> [DATA SUPPLIED]:
··········
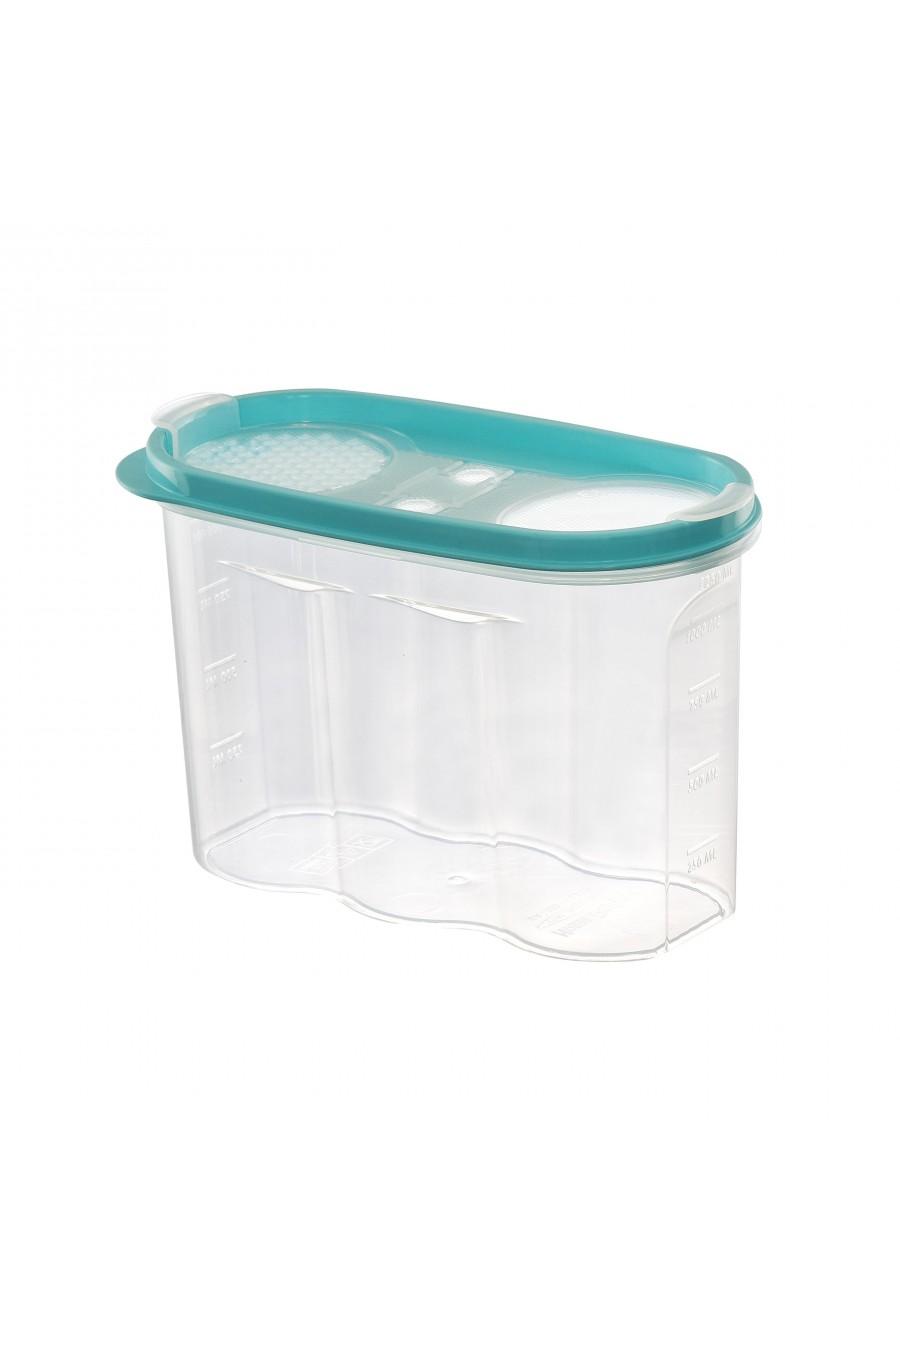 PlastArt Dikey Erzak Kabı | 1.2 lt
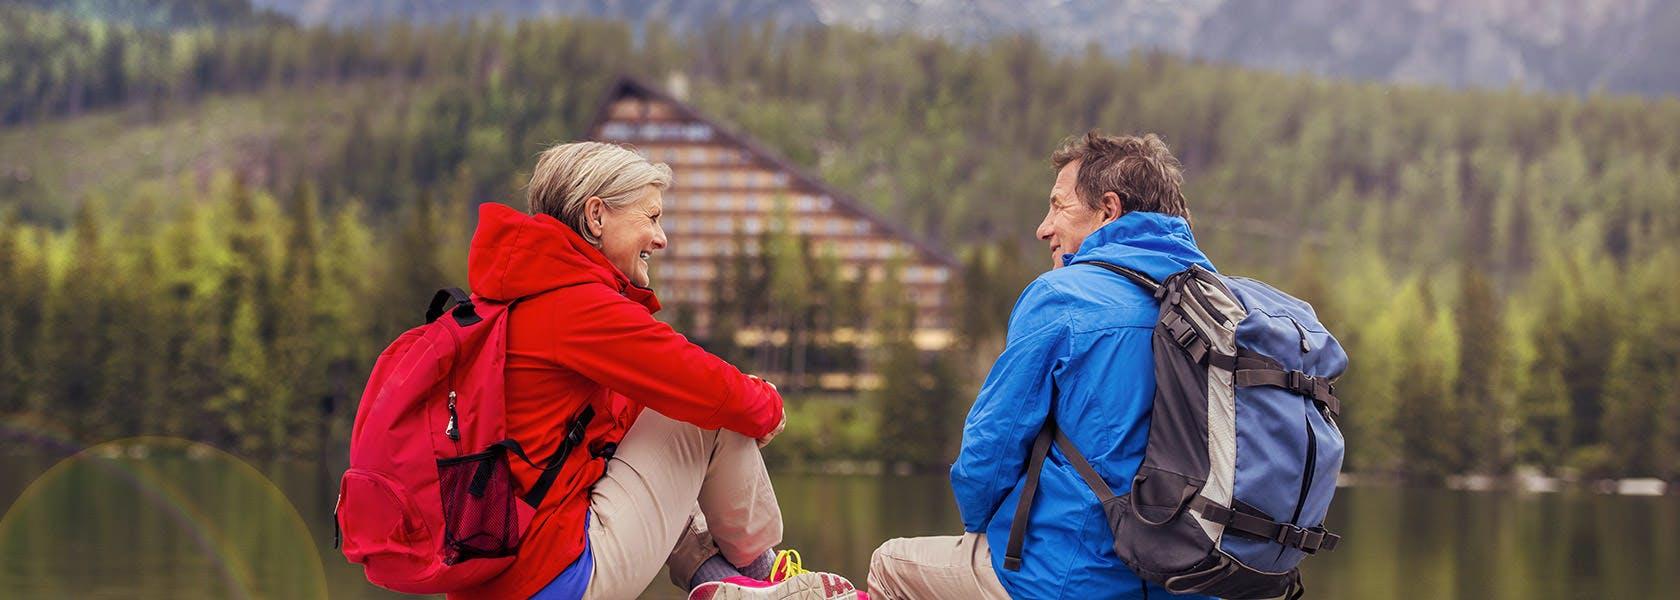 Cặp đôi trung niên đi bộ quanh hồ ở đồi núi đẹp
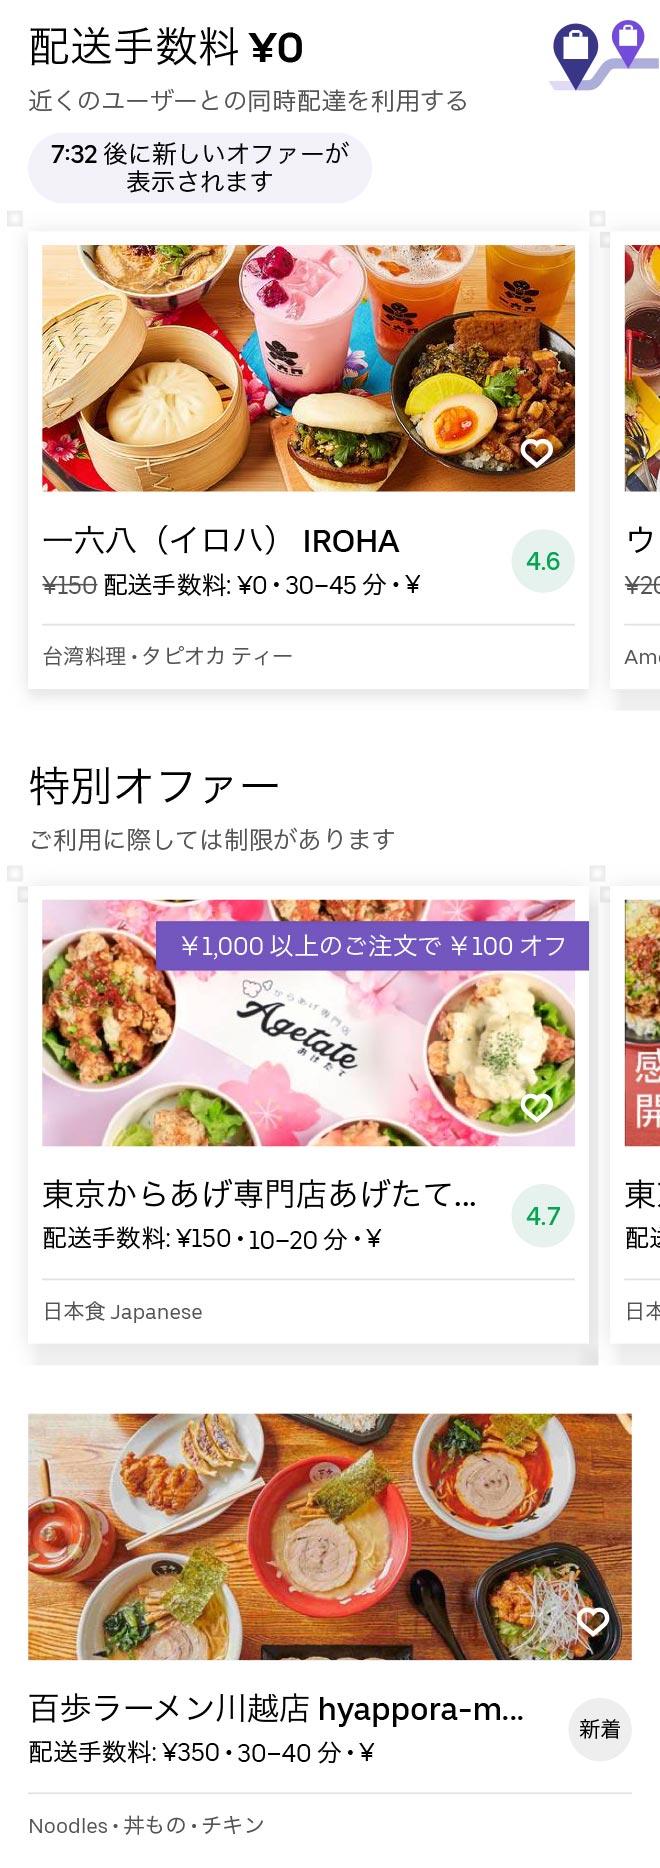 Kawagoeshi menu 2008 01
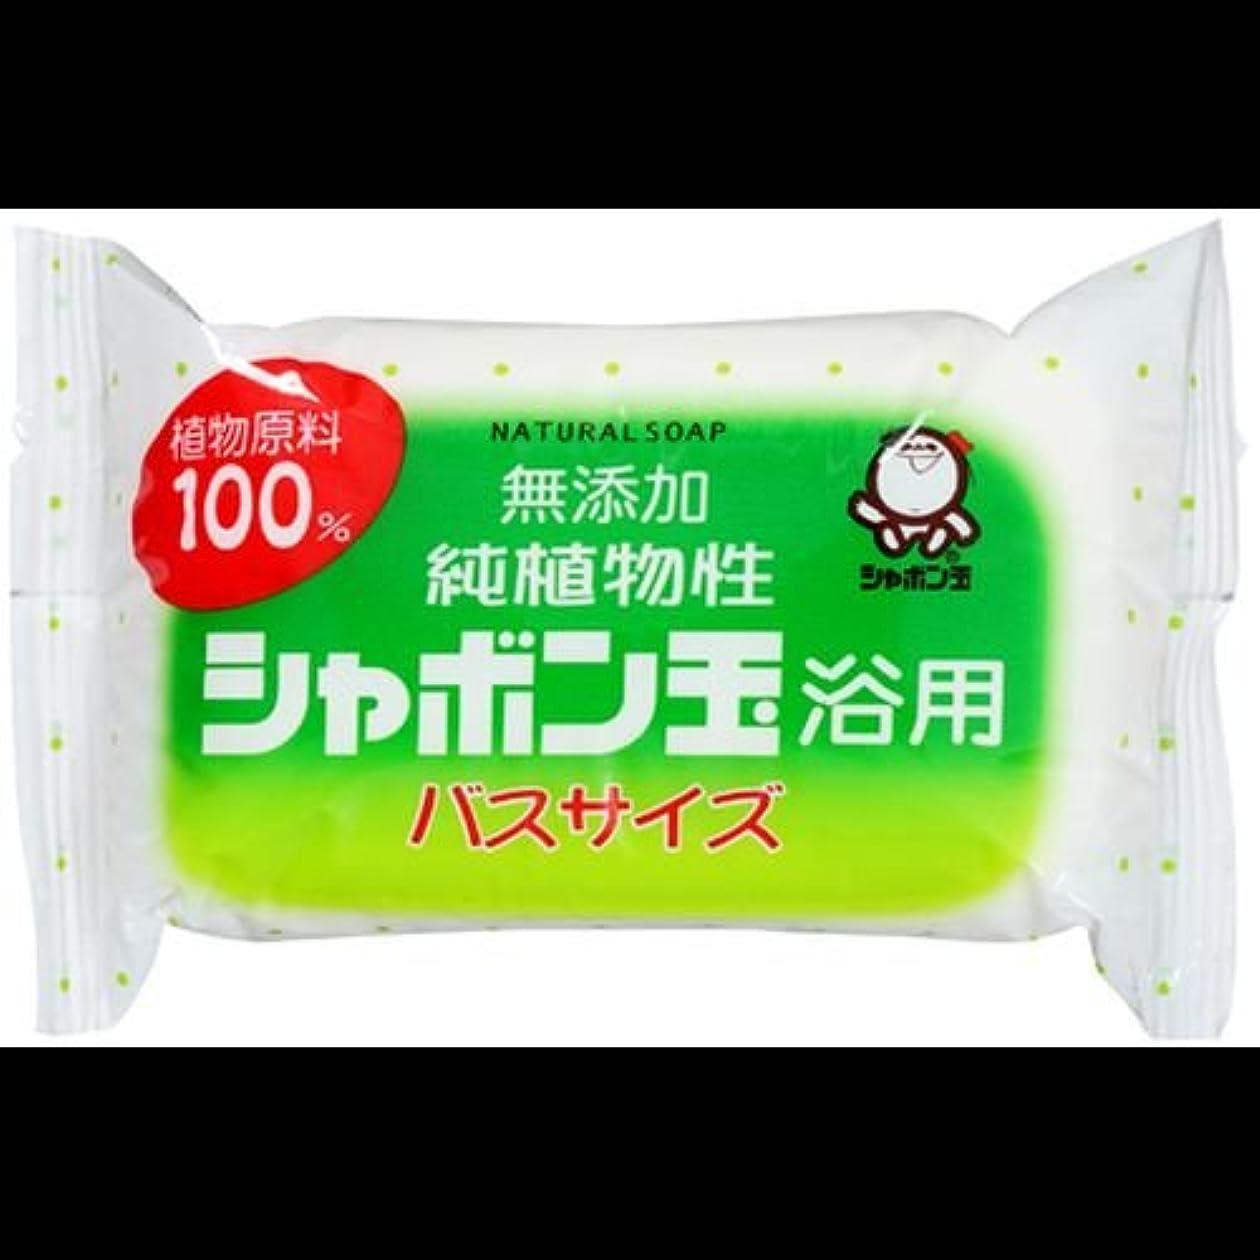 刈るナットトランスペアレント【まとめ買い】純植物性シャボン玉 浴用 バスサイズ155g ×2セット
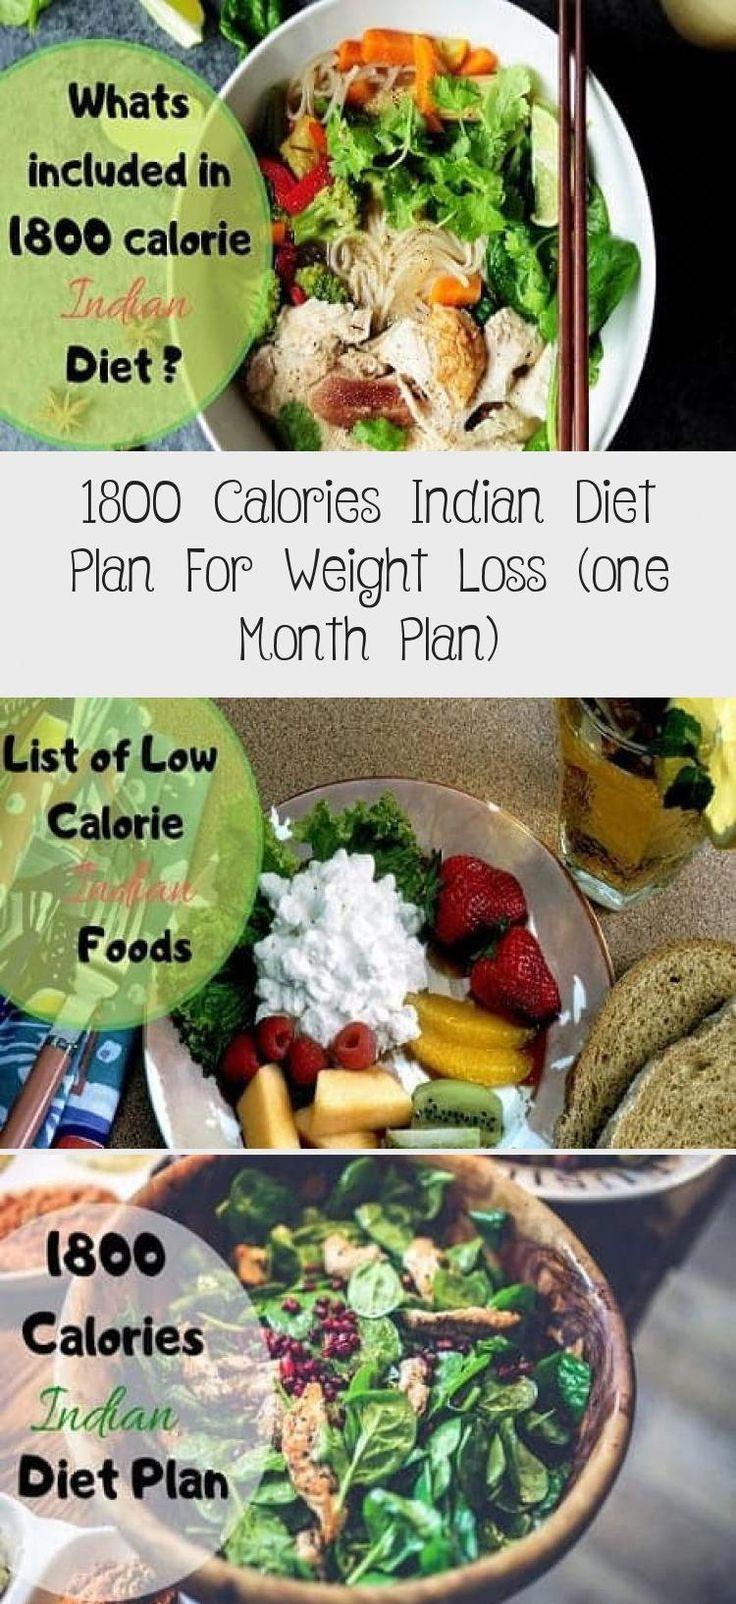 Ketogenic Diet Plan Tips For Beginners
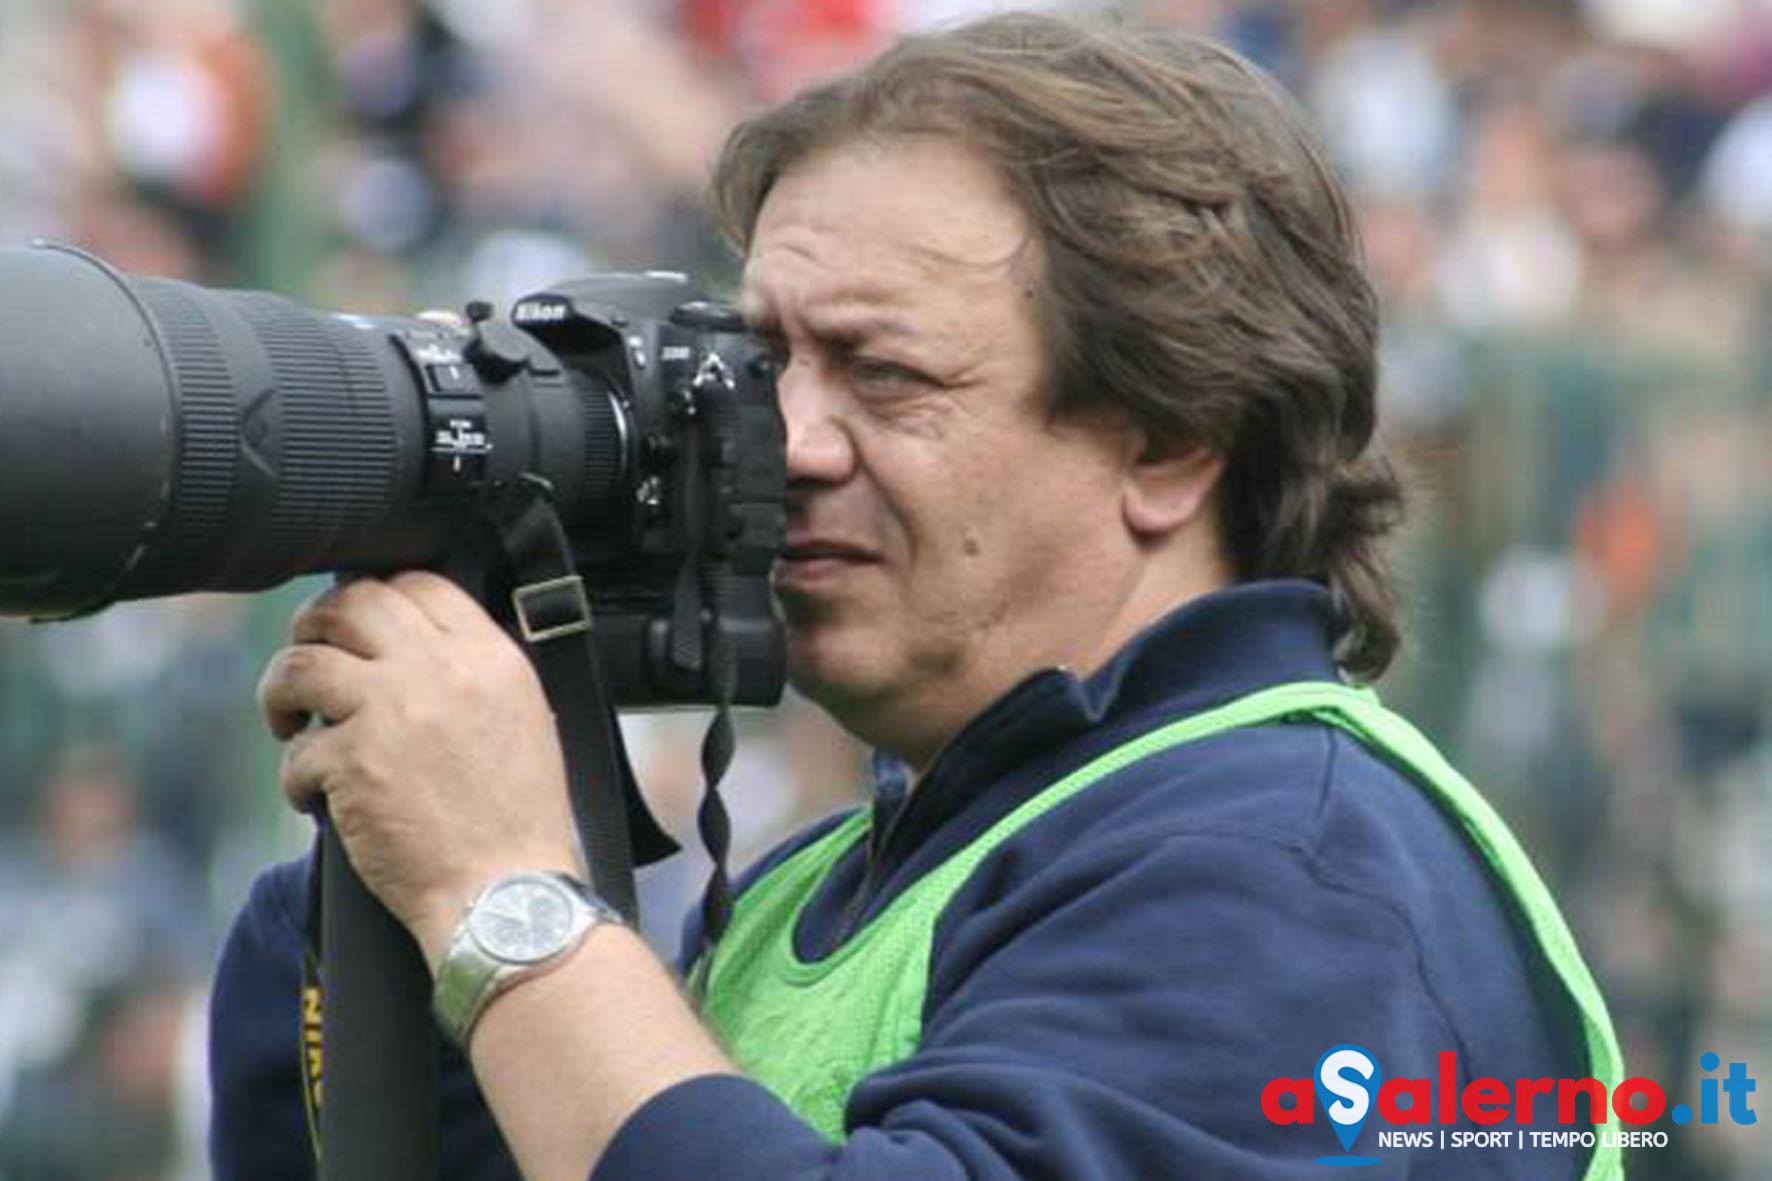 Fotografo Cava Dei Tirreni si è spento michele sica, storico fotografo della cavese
··········
Everything from the line with "刈るナットトランスペアレント【まとめ買い】純植物性シャボン玉 浴用 バスサイズ155g" through the last line of the listing above is to be copied exactly, both ends included, except the pictures.

> [RESULT OF THIS EXERCISE]:
 刈るナットトランスペアレント【まとめ買い】純植物性シャボン玉 浴用 バスサイズ155g ×2セット
 Ketogenic Diet Plan Tips For Beginners
 Fotografo Cava Dei Tirreni si è spento michele sica, storico fotografo della cavese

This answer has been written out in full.